American researcher and author (born 1966)

Herman Aguinis (born 1966) is an Argentine‑American management scholar whose work focuses on organizational behavior, human resource management, and research methods. He is the Avram Tucker Distinguished Scholar and a professor of management at the George Washington University School of Business.
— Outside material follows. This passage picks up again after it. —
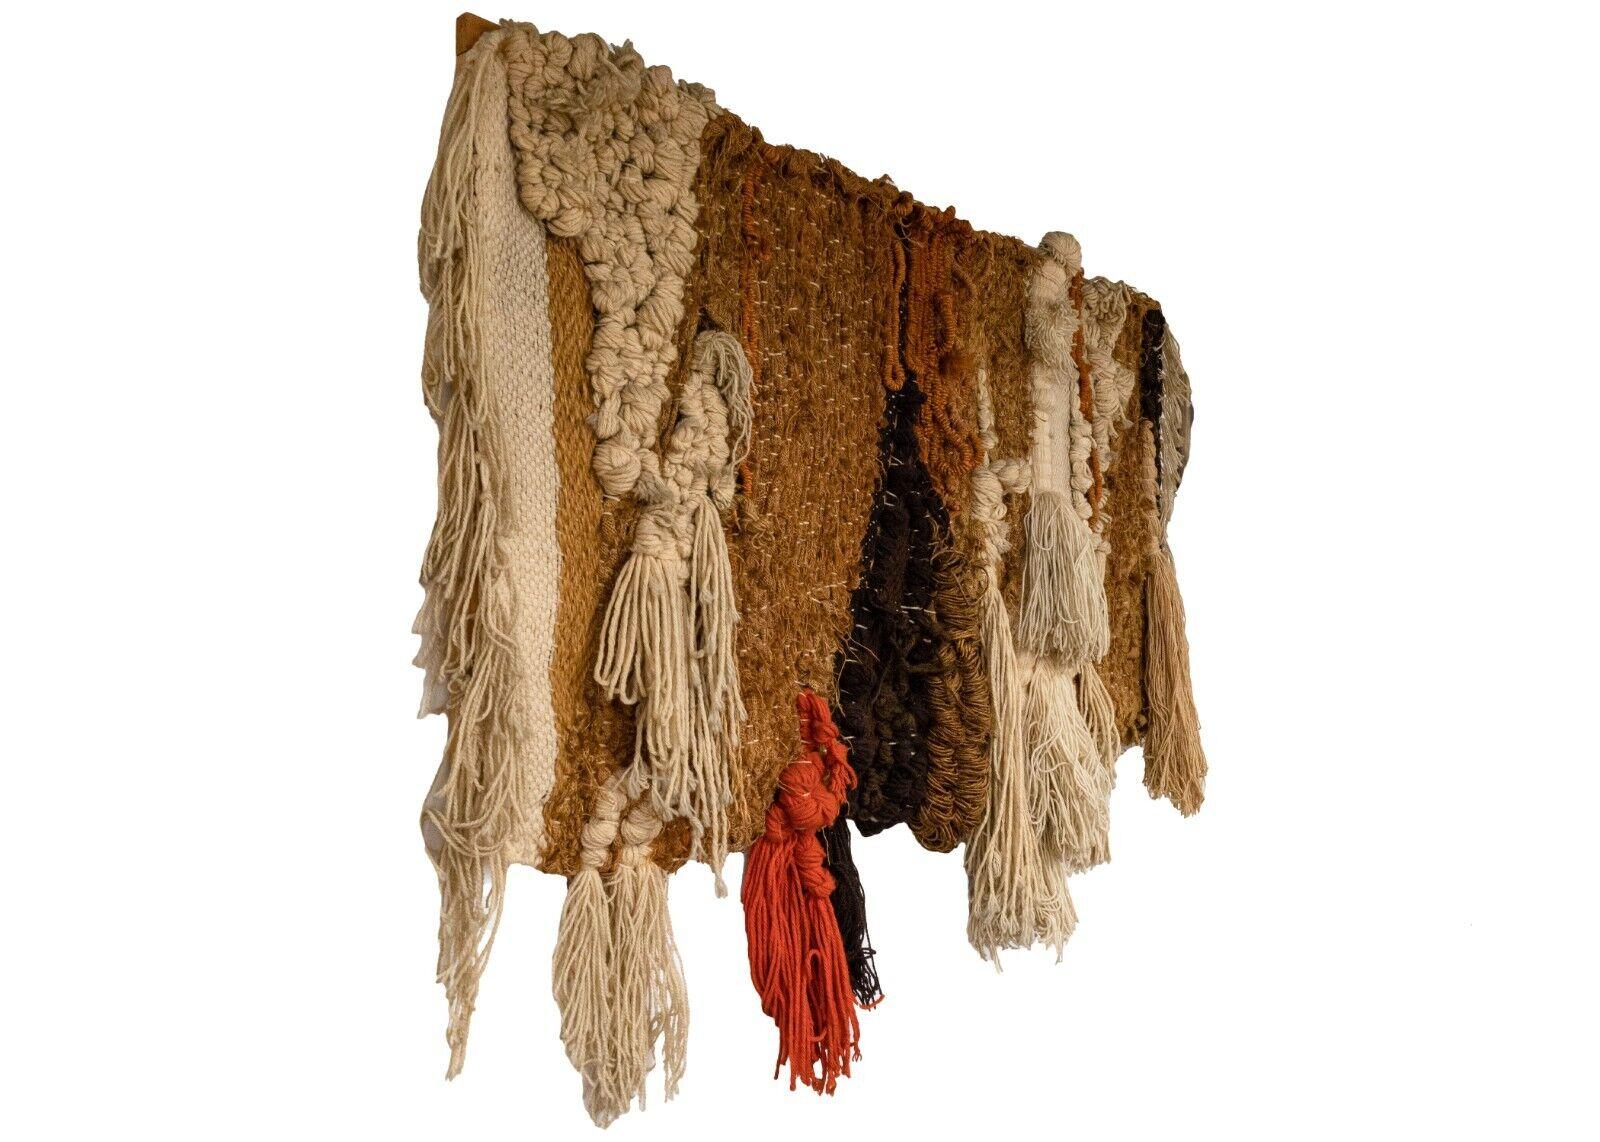 A magnificent, handwoven, abstract fiber wall art made with wool yarn, by Robert Kidd, circa 1970s. This textural art piece in brown earth tones and retro orange makes a unique statement artwork for a modern or contemporary designed space.

== Early life and education ==
Herman Aguinis was born in Rio Cuarto, Cordoba, Argentina. He is the son of the Argentine author Marcos Aguinis and University of Buenos Aires School of Law professor Ana Maria "Marita" Aguinis. He attended high school at the Colegio Nacional de Buenos Aires before receiving Bachelor's and Master's degrees in psychology from the University of Buenos Aires. He spent part of his high school years in New York City. Following his schooling in Argentina, he moved to the United States to study Industrial and Organizational Psychology, earning a Master's and then a PhD from the University at Albany, State University of New York in 1993.

==Career==
Aguinis' academic work focuses on organizational behavior, human resource management, and research methodology. His published research has examined topics including employee performance, corporate social responsibility, workforce diversity, workplace leadership, staffing, training and development, performance management, as well as quantitative and methodological approaches used in organizational research. He served as editor-in-chief of Organizational Research Methods from 2005 to 2007, and has been a member of the editorial boards of Journal of Applied Psychology, Personnel Psychology, Journal of Management, and Journal of International Business Studies.

As a scholar, he had been taught in the University Of Albany, University of Buenos Aires, and the National College of Buenos Aires.

Aguinis has been elected a fellow of the Academy of Management, the American Psychological Association, and the Association for Psychological Science. He has also received career and lifetime contribution awards from the Society for Human Resource Management, Society for Industrial and Organizational Psychology, and the Academy of Management.

==Selected publications==
===Books===

- Aguinis, H. 2025. Public policy implications of entrepreneurship research. Sage Publications

- Aguinis, H. 2025. Research methodology: best practices for rigorous, credible, and impactful research. Thousand Oaks, CA: SAGE. ISBN 978-1071871942.
- Cascio, W.F., & Aguinis, H. 2025. Applied psychology in talent management (9th ed.). Thousand Oaks, CA: SAGE. ISBN 9781071912058.
- Aguinis, H. 2019. Performance management for dummies. Hoboken, NJ: Wiley. ISBN 978-1119557654.
- Aguinis, H. 2023. Performance management (5th ed.). Chicago, IL: Chicago Business Press. ISBN 978-1-948426-48-0.
- Aguinis, H. 2004. Regression analysis for categorical moderators. New York, NY: Guilford. ISBN 1572309695.
- Baruch, Y., Konrad, A.M., Aguinis, H., & Starbuck, W.H. (Eds.). 2008. Opening the black box of editorship. New York, NY: Palgrave-Macmillan. ISBN 0230013600.
- Aguinis, H. (Ed.). 2004. Test-score banding in human resource selection: Legal, technical, and societal issues. Westport, CT: Praeger. ISBN 1567205208.

===Journal articles===
- Bradley, Kyle J. (2023). "Team Performance: Nature and Antecedents of Non-normal Distributions"
- Aguinis, Herman (2022). "International Business Studies: Are We Really So Uniquely Complex?"
- Aguinis, Herman (2019). "Transparency and Replicability in Qualitative Research: The Case of Interviews with Elite Informants"
- Aguinis, Herman (2019). "On Corporate Social Responsibility, Sensemaking, and the Search for Meaningfulness Through Work"
- Aguinis, Herman (2018). "Gender productivity gap among star performers in STEM and other scientific fields."
- Aguinis, Herman (2018). "What You See Is What You Get? Enhancing Methodological Transparency in Management Research"
- Aguinis, Herman (2014). "Star Performers in Twenty-First Century Organizations"
- Aguinis, Herman (2011). "Why we hate performance management—And why we should love it"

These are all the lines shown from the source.